I’ve been thinking of what the last 4 minutes of La La Land were really about. I mean, logically, if Ryan Gosling had kissed Emma Stone the minute she stepped into that club where he was playing the piano, that would be sexual assault. But somehow, despite our knowledge of that, our having witnessed the lives they lived otherwise made that sexual assault and everything that followed so much more preferable. I think it’s because deep down, we know we’re fuck ups who continually cock up our lives because we don’t have the fucking balls to fully embrace the possibility of the other. And we know that sometimes, we really need criminal assault to get us out of the ruts our lives our in.
Like the other day, I bumped into Mark. After years of not having spared him a thought,' I met him just out of the blue. It happened as I was driving towards work and I saw him waiting for a cab. Instinctively, I stopped and offered him a ride. He said something nonsensical, I berated myself mentally for having presumed too much, and finally after 4 long interminable seconds (yes, seconds) of an interaction, I drove on, feeling stupid.

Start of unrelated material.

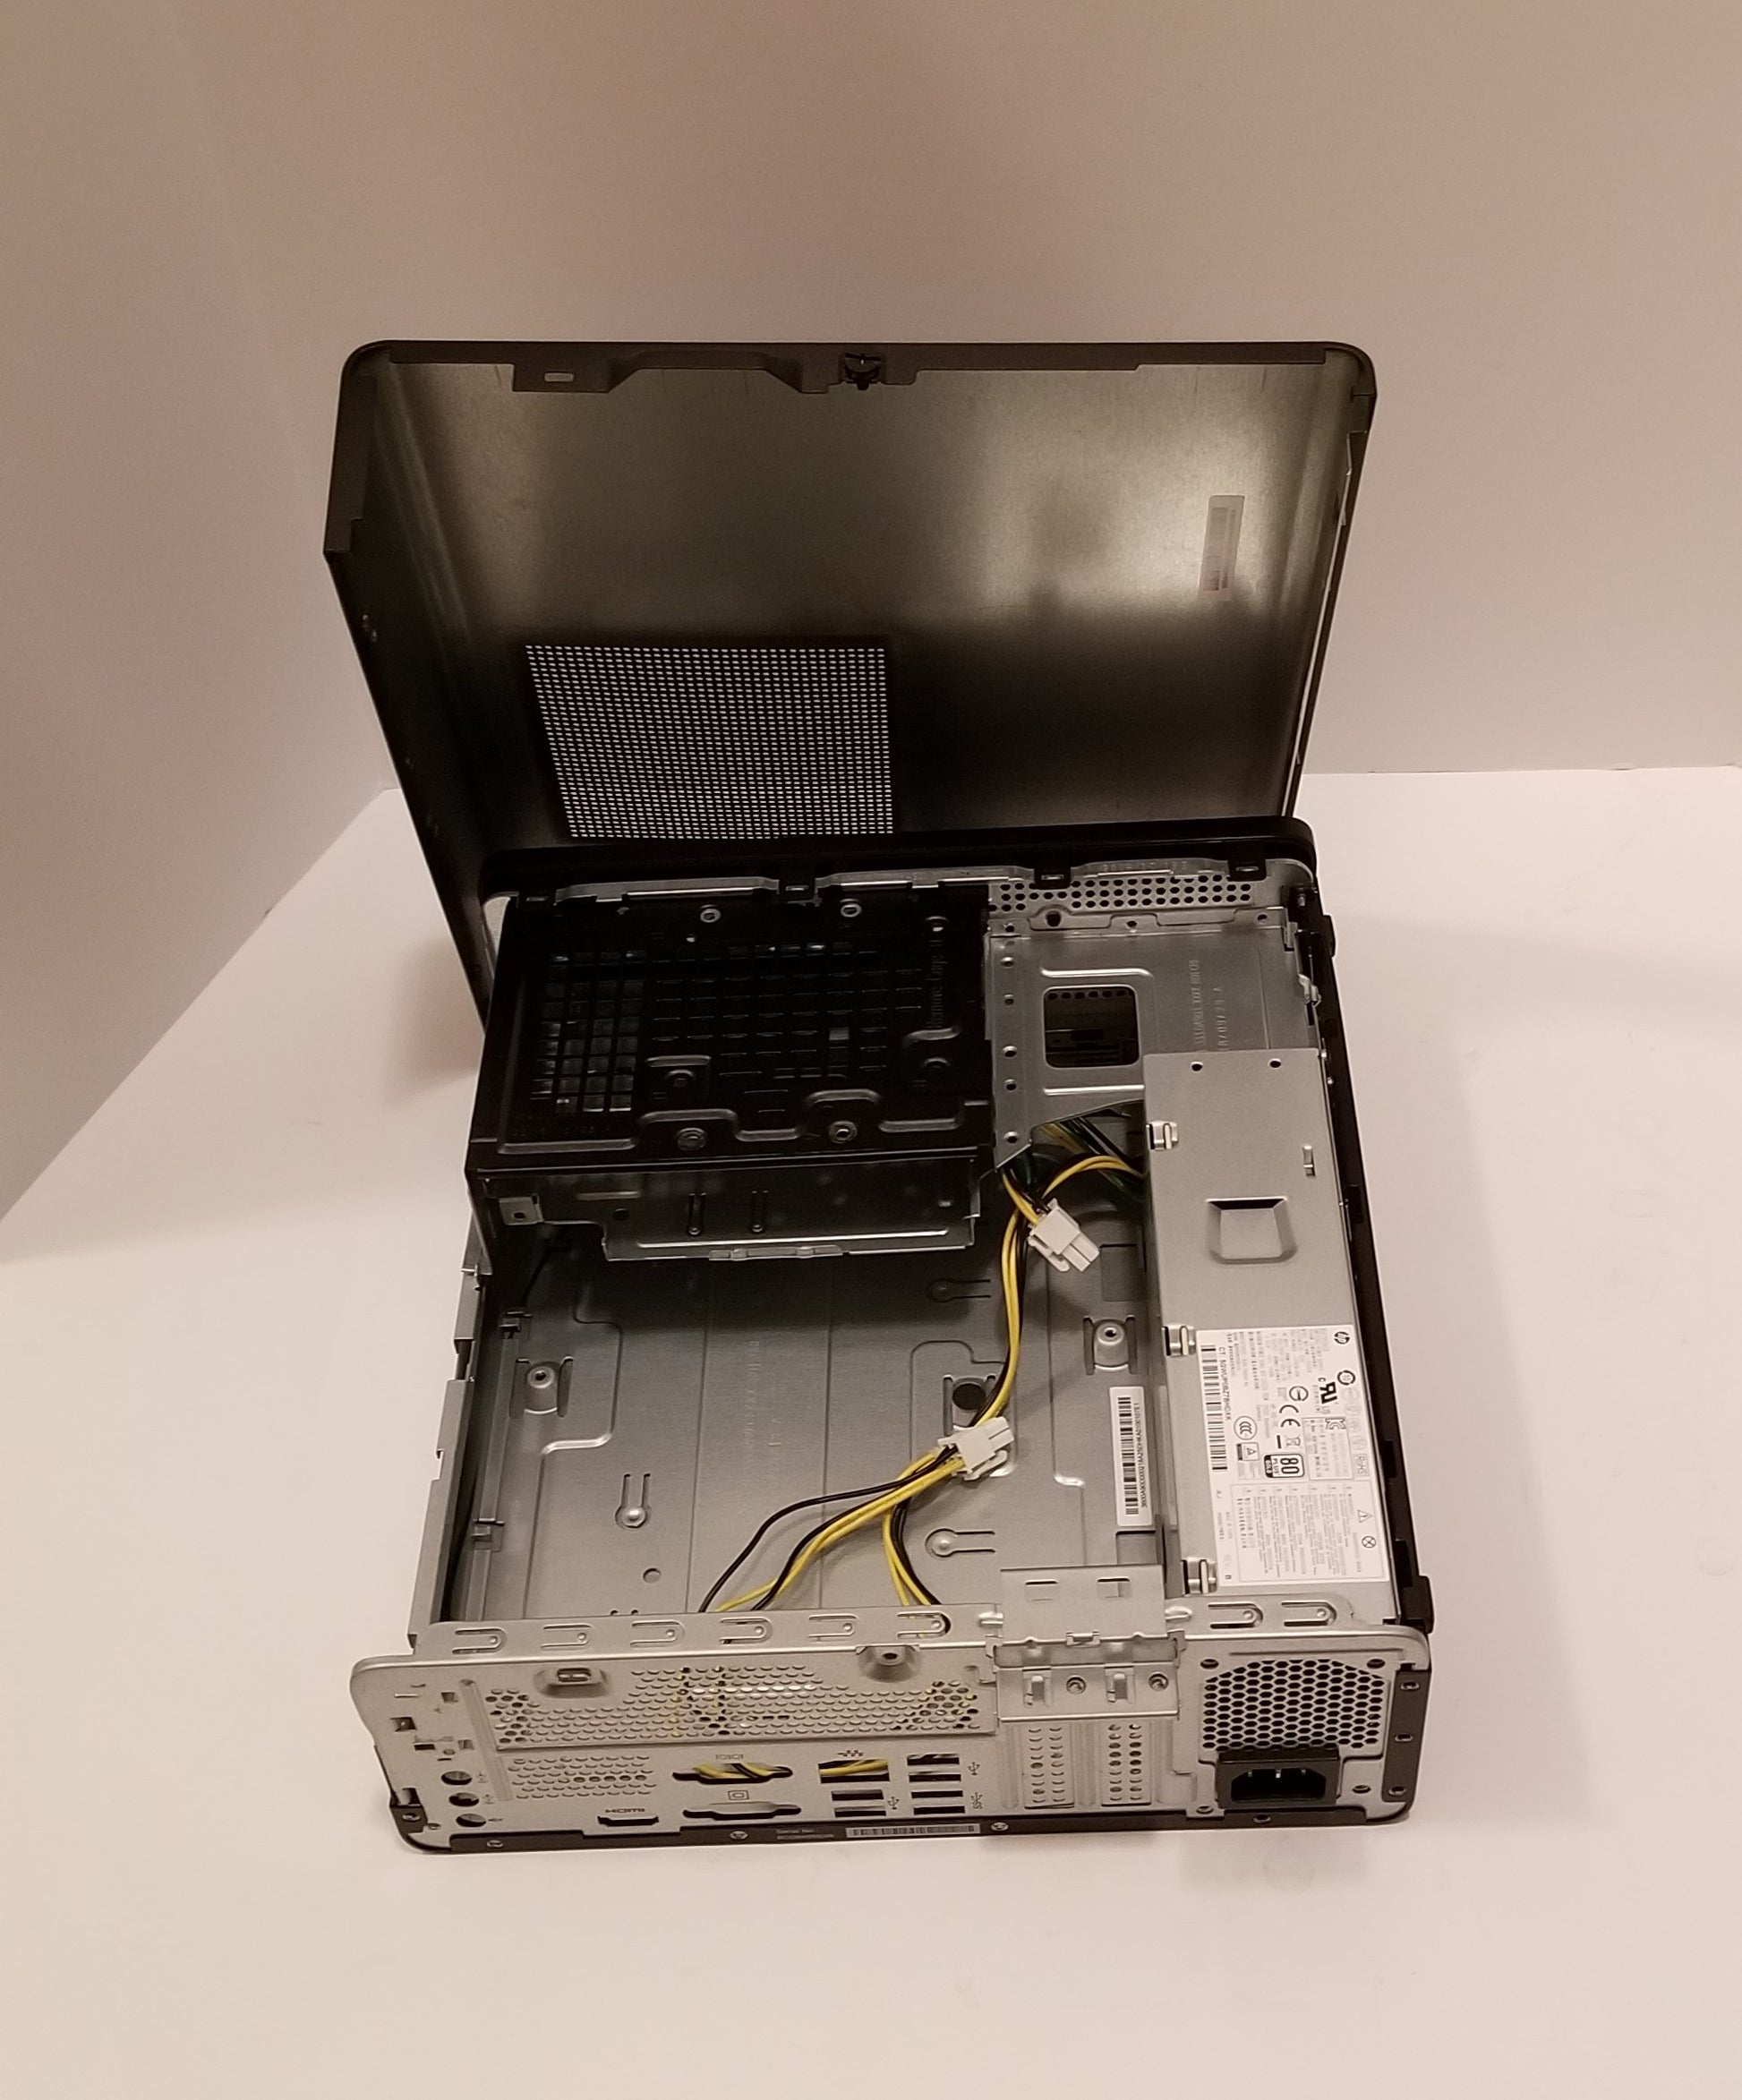 HP Slim 290-p0043w Chassis Case and Power Supply - Rekes Sales

And cowardly.
And then just a couple of days ago, I met him again at my job. He’d come to meet my boss and I was just leaving her room. I wasn’t unaware that we may see each other, so I'd had time to mentally prepare myself for a better interaction. I knew exactly how the conversation would go. He would be shocked to see me there, and his entire body language would change setting to ‘Implode’. He would frown as he examined the floor or the walls trying to settle his facial expression to neutral asshole - rumour has it that it's his go-to expression when dealing with others. I can’t really complain since I believe I had a hand in making him who he is today.

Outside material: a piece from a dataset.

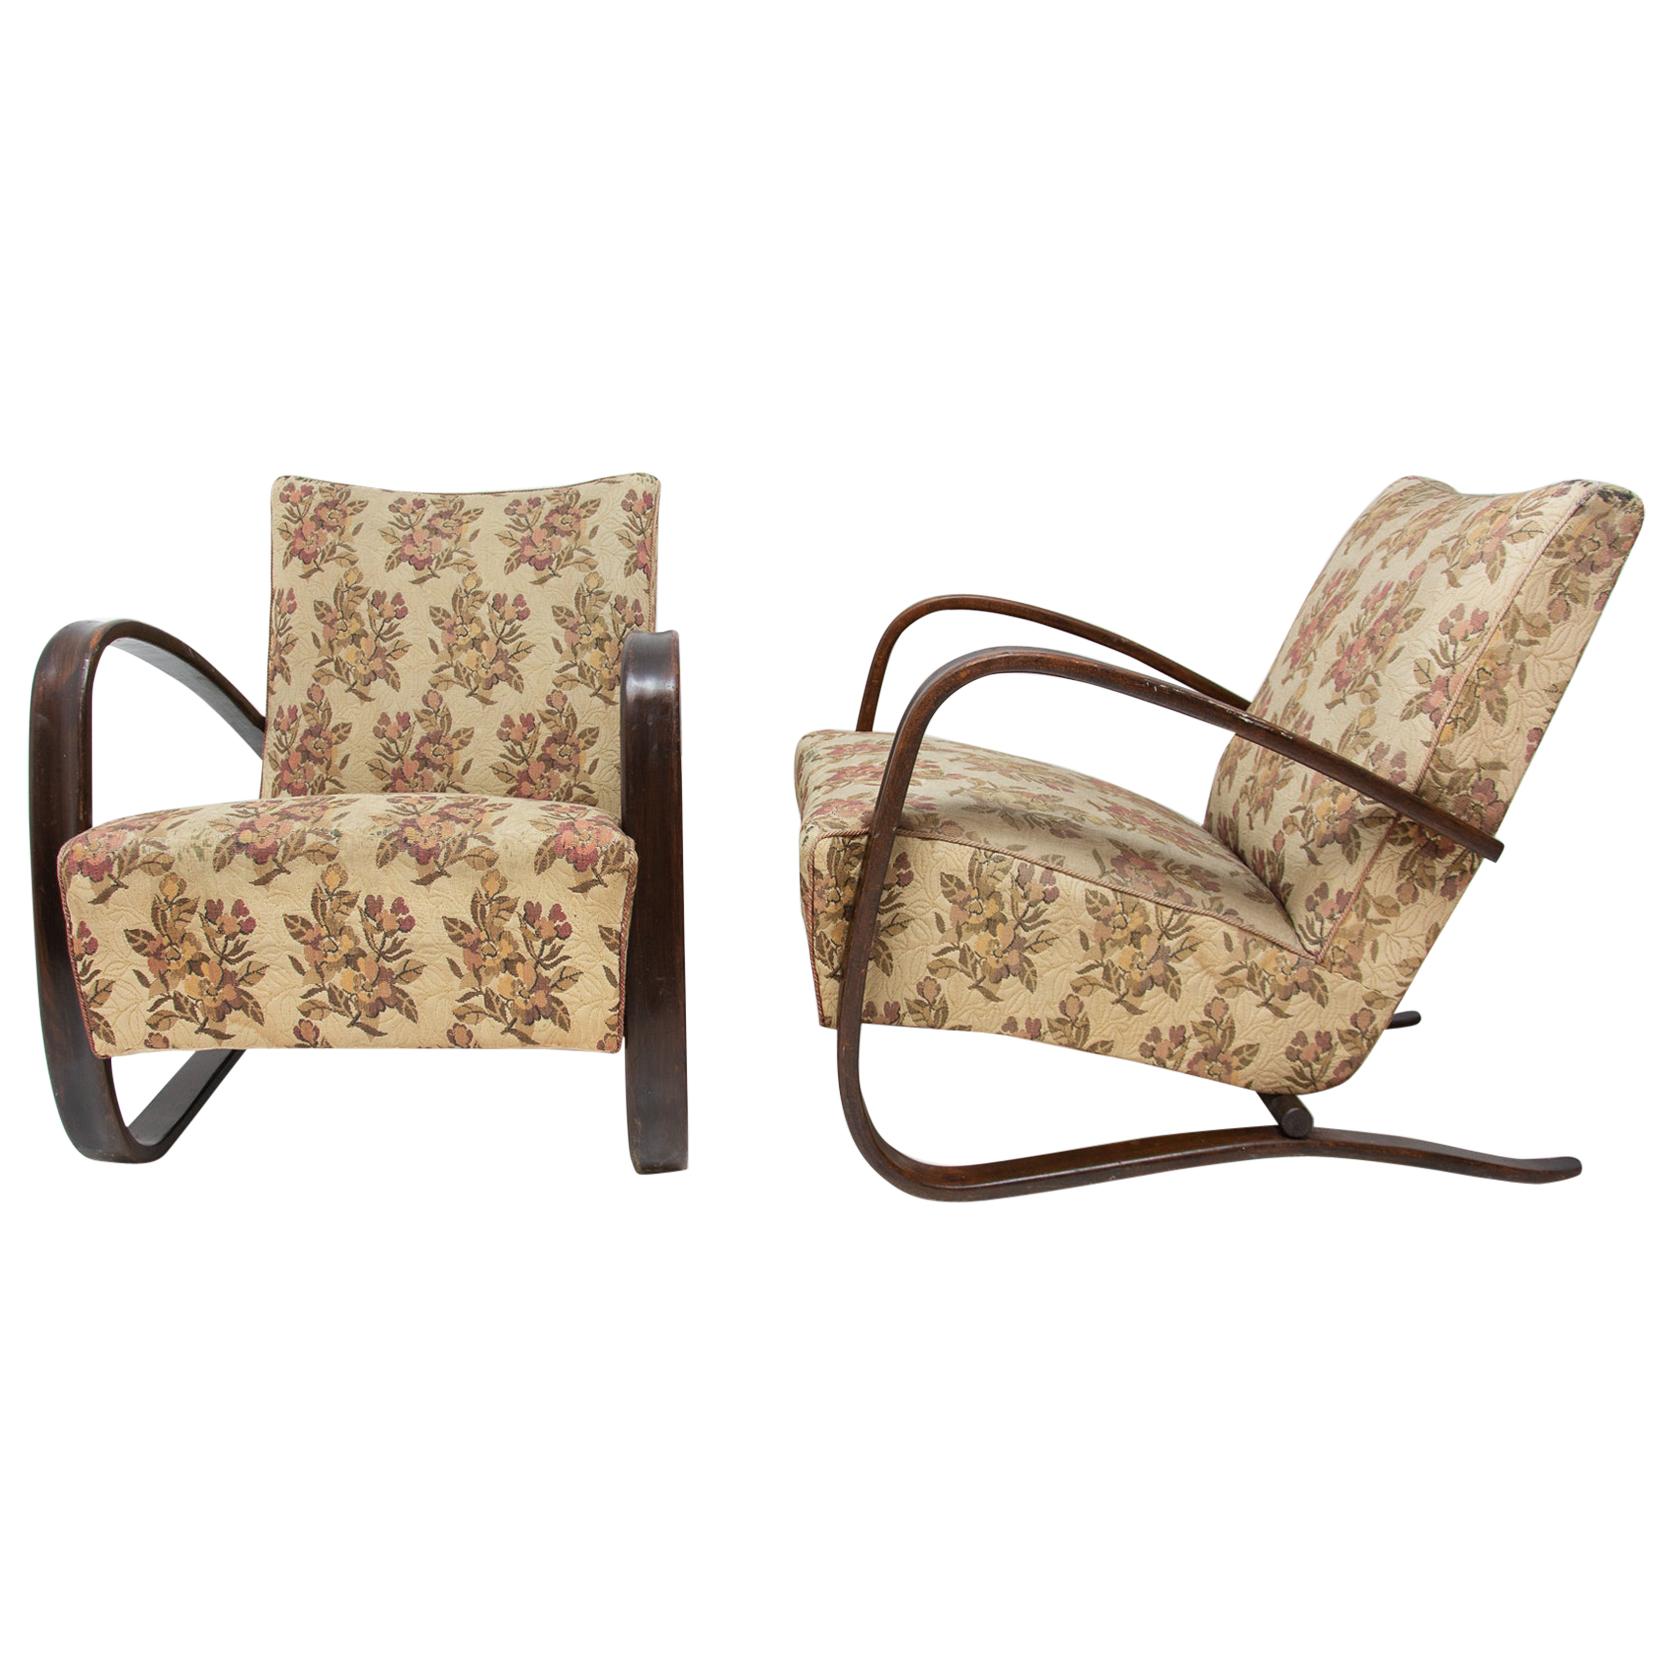 Pair of H-269 Armchairs Designed by Jindrich Halabala, 1930s

In any case, I would stop in front of him, smile and say 'Hey!’ Given the norms of polite behaviour, he would say Hi and I would explain to him that his meeting has been delayed by 15 minutes and would he like to wait with me outside. Looking at the sea of strangers around him, and the confidence that I naturally exude on my home turf, he would say Ok. We’ll step out and as we wait awkwardly over coffee for a few minutes, neither knowing what to say, I would blurt out my congratulations for his film that is doing well, and then explain how I still had to go watch it. He would smile and nod and look impatiently at his watch, wondering how quickly he could politely excuse himself and get away from me. I would take that opportunity to say that I felt really silly about leaving him on the road side the other day and how I should have insisted but was afraid I was being presumptuous. He would smile awkwardly, disarmed by my candour, and say that he understood - and will acknowledge that even he'd felt weird.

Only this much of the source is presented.